Although they can be used to fund almost any urgent requirement, the main reasons that people choose a bridging loan are:
- Facilitate a fast property purchase
- Purchase a property before their current one is sold
- Fund the purchase of more stock
- Buy a property at auction
- Funding cash flow in the short-term
- Meeting a tax or VAT liability
How much do they cost?
The flexibility offered by a bridging loan does come at a price. The cost tends to be higher than those associated with commercial mortgages.
You can generally expect to pay a lender arrangement fee of 1-2%. Lower arrangement fees tend to be reserved for larger loans.
In addition to the fee, you must also pay interest. The rates are generally quoted on a monthly basis, with rates starting at 0.48% currently, and 0.55% for commercial properties.
The maximum loan is generally 75% loan to value for residential properties, and 70% for commercial.
The costs can differ by a large amount and are often priced based on the risk presented to the lender. Low risk applications include those from strong applicants, against in-demand properties at lower loan to values.
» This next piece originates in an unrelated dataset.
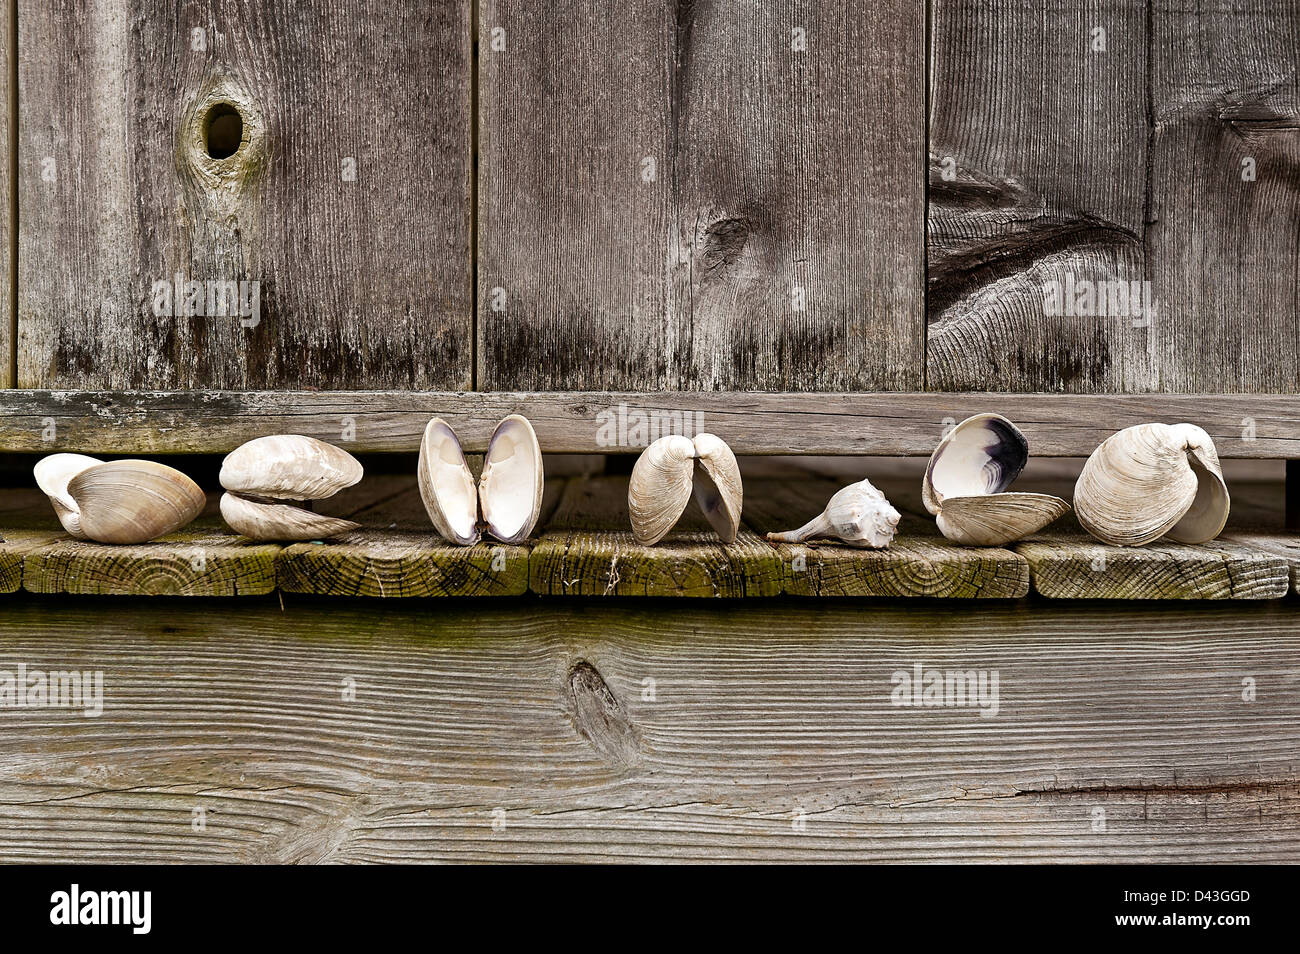 Muscheln aufgereiht durch eine rustikale Dusche im Freien. Stockfoto

How do I secure a bridging loan?
As mentioned above, applications tend to happen on a case by case basis, so there’s no set list of documents needed.
The first step is to either talk to an expert or compare rates online. Once you’ve found a suitable product, you will generally be expected to complete an application form and provide details of your exit strategy – how you will repay the loan.
The lender may then ask for additional information to allow them to fully assess the application, although this isn’t always required.
Once the lender is satisfied, a surveyor will visit the property and produce a report, and the legal process can begin. Legals are generally less demanding than those associated with mortgages, so can generally be completed in just a few days.
The key considerations before moving forward
As with any finance, care must be taken before proceeding with a bridging loan. You should carefully consider the benefits of raising finance along with the costs of any loan.
As bridging loans are a short-term solution, your chosen exit strategy is the key factor to a successful loan. You should ensure you have a watertight method of repaying at the end of the term.
Finally, when comparing options from different providers, you must consider the total cost of finance, rather than just the interest rate.
As rates can vary so much between different providers, it’s important that you either get quotes from 2-3 (or ideally more) providers or compare products online. This will ensure you’re getting the best possible deal.